EXERCISE DIRECTIONS = Once the line containing "Tollder Girl High" is found in the entries below, restate it and each following line word for word, stopping after the line containing "Cnc atc/ATC 3D".

-- SUPPLIED DATA follows --

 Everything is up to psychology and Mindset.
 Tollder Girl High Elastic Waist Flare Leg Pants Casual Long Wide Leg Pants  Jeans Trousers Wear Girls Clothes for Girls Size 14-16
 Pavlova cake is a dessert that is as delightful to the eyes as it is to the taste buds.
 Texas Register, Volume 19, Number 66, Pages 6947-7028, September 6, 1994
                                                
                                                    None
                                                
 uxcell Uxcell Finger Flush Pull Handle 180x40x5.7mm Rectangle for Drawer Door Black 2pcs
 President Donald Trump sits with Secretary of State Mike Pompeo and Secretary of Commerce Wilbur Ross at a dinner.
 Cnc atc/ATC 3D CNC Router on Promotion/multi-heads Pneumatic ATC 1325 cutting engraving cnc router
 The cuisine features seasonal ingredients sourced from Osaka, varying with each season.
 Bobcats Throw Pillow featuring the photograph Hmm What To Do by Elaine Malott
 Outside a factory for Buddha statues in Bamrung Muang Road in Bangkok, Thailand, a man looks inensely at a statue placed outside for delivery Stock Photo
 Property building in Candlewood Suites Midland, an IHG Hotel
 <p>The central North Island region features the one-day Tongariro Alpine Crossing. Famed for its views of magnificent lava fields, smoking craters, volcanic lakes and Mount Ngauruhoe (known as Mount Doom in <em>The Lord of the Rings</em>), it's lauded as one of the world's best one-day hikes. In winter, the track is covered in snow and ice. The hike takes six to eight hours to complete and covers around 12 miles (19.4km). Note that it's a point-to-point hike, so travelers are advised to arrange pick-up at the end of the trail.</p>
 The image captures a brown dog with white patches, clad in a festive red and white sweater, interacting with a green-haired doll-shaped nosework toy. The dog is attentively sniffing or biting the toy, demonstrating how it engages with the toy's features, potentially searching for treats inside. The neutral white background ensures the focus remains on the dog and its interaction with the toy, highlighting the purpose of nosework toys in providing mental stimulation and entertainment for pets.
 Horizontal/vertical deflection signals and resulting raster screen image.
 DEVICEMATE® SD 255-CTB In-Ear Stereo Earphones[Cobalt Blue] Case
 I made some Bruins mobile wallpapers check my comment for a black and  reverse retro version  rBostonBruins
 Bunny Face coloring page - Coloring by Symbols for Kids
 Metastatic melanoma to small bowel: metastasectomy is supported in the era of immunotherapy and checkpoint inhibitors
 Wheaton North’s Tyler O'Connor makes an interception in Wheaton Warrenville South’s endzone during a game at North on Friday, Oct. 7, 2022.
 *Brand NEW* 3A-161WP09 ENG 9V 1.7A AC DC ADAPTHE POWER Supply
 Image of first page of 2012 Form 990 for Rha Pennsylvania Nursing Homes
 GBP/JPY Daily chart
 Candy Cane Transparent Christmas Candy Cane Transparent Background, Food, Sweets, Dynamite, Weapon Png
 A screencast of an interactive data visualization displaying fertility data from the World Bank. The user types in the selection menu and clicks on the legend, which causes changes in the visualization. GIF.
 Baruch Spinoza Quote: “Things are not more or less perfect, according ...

-- SUPPLIED DATA concluded --

ANSWER BELOW =
 Tollder Girl High Elastic Waist Flare Leg Pants Casual Long Wide Leg Pants  Jeans Trousers Wear Girls Clothes for Girls Size 14-16
 Pavlova cake is a dessert that is as delightful to the eyes as it is to the taste buds.
 Texas Register, Volume 19, Number 66, Pages 6947-7028, September 6, 1994
                                                
                                                    None
                                                
 uxcell Uxcell Finger Flush Pull Handle 180x40x5.7mm Rectangle for Drawer Door Black 2pcs
 President Donald Trump sits with Secretary of State Mike Pompeo and Secretary of Commerce Wilbur Ross at a dinner.
 Cnc atc/ATC 3D CNC Router on Promotion/multi-heads Pneumatic ATC 1325 cutting engraving cnc router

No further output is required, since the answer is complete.